Dize v. Association of Maryland Pilots.  The question presented in Dize was whether, when applying the Chandris, Inc. v. Latsis thirty-percent rule–that, ordinarily, a qualifying “seaman” under the Jones Act must spend thirty percent or more of his time in service of a vessel in navigation–a court may consider the time a maritime worker spends in the service of a vessel in navigation that is moored, dockside, or ashore, as the Third, Fifth, Sixth, and Ninth Circuits have held, or whether a court must categorically exclude such time, as the Eleventh Circuit and the Maryland Court of Appeals have held.

Gonzalvez v. Celebrity Cruises, Inc.  The petitioners asked the Court to consider whether seamen are statutorily exempt from the 3-month limitations period under Chapter 1 of the Federal Arbitration Act.  This case arose from dispute about sharing gratuities under the Seaman’s Wage Act.  This link will take you to Lisa Schaeffer’s Lexis article “U.S. Supreme Court Denies Cert for Celebrity Cruise Line Workers.”

Downer v. Royal Caribbean Cruises, Ltd.  This case asked inter alia whether the Eleventh Circuit’s decision compelling arbitration for seafarers’ claims against a cruise line, under foreign law, deprives them of their American statutory rights in violation of the “effective vindication doctrine.”

Lyles v.

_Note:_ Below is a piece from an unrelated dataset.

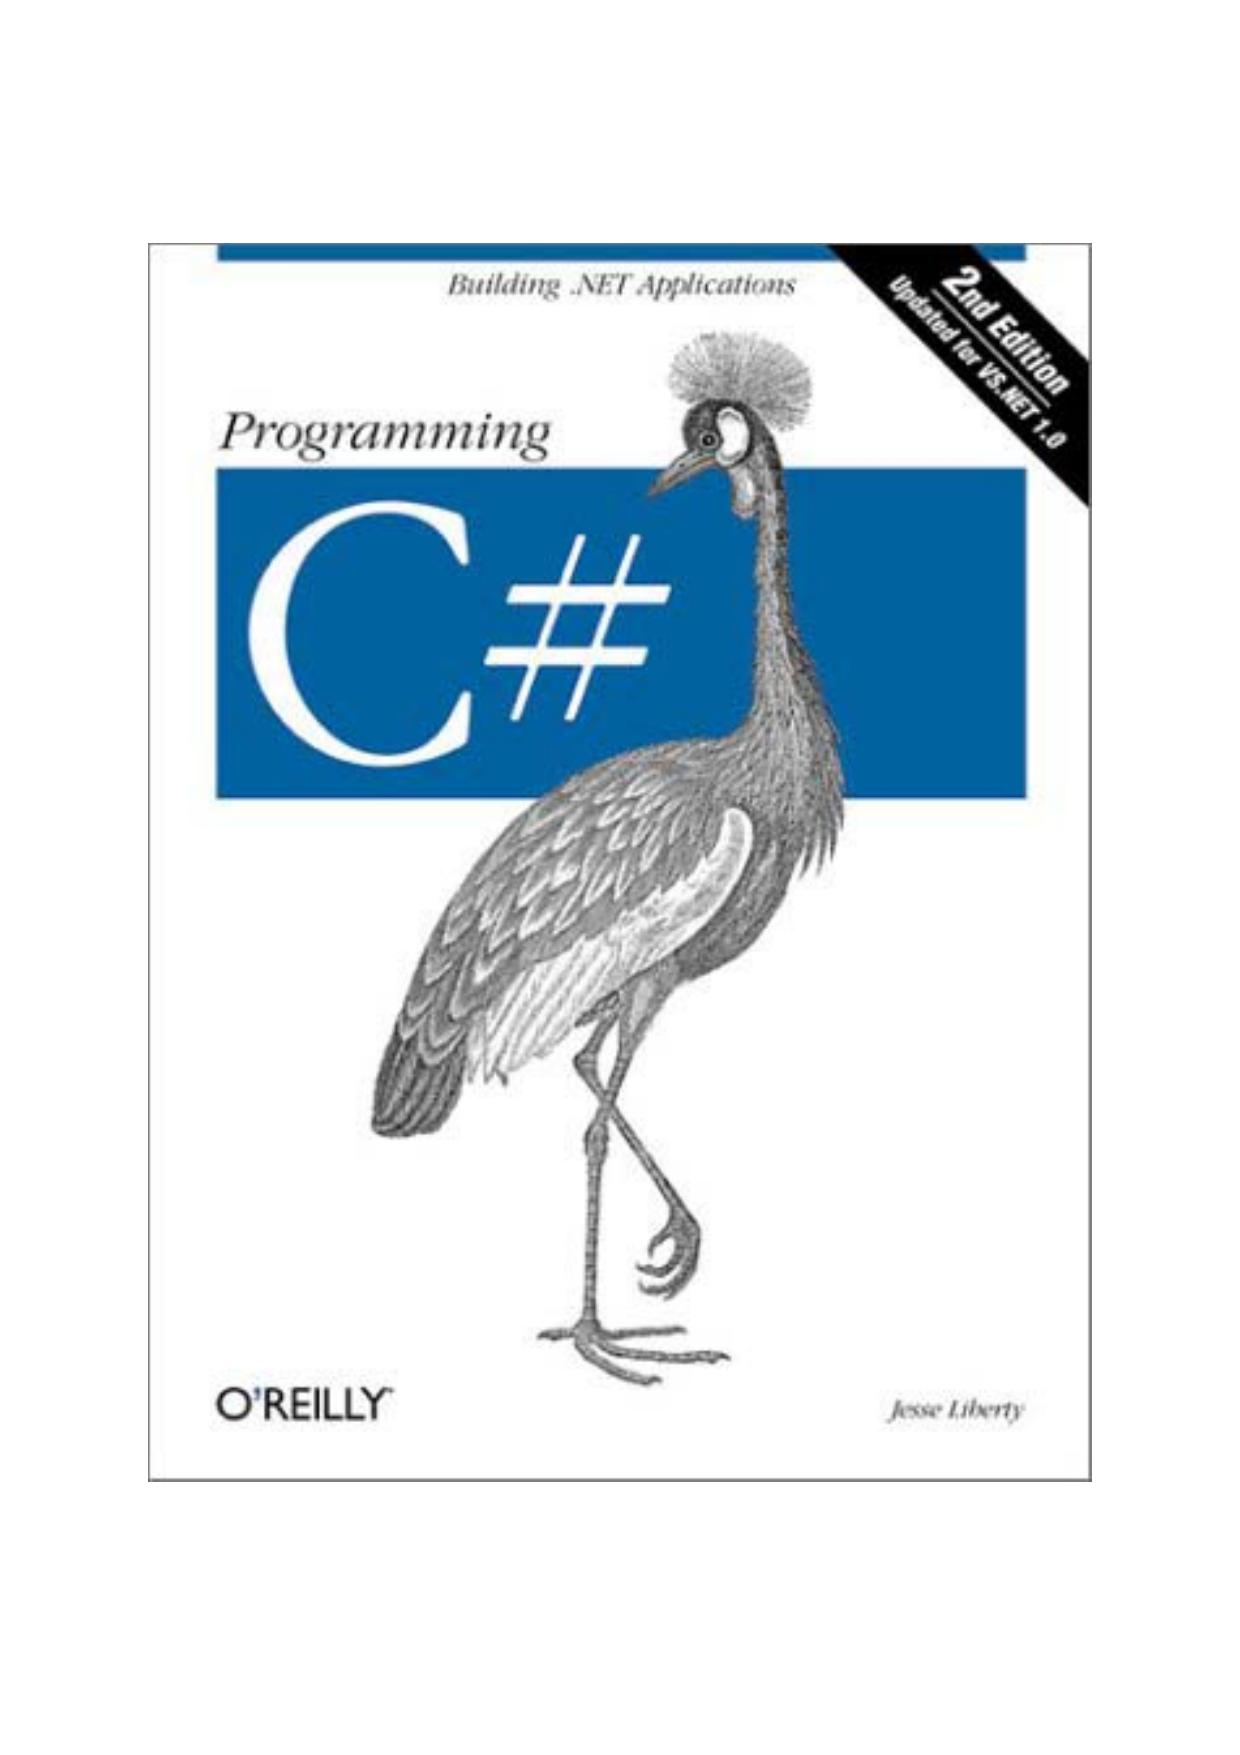 Programming C#, 2nd Edition

Seacor Marine.  In Lyles, the plaintiff lost a Jones Act and maintenance and cure claim nearly ten years before trying to reassert his claims.  The Fifth Circuit denied the plaintiff’s claims and also admonished the plaintiff, writing that “future frivolous, repetitive, or otherwise abusive filings may result in the imposition of sanctions, including dismissal, monetary sanctions, and restrictions on his ability to file pleadings in this court or any court subject to [Fifth Circuit] jurisdiction.”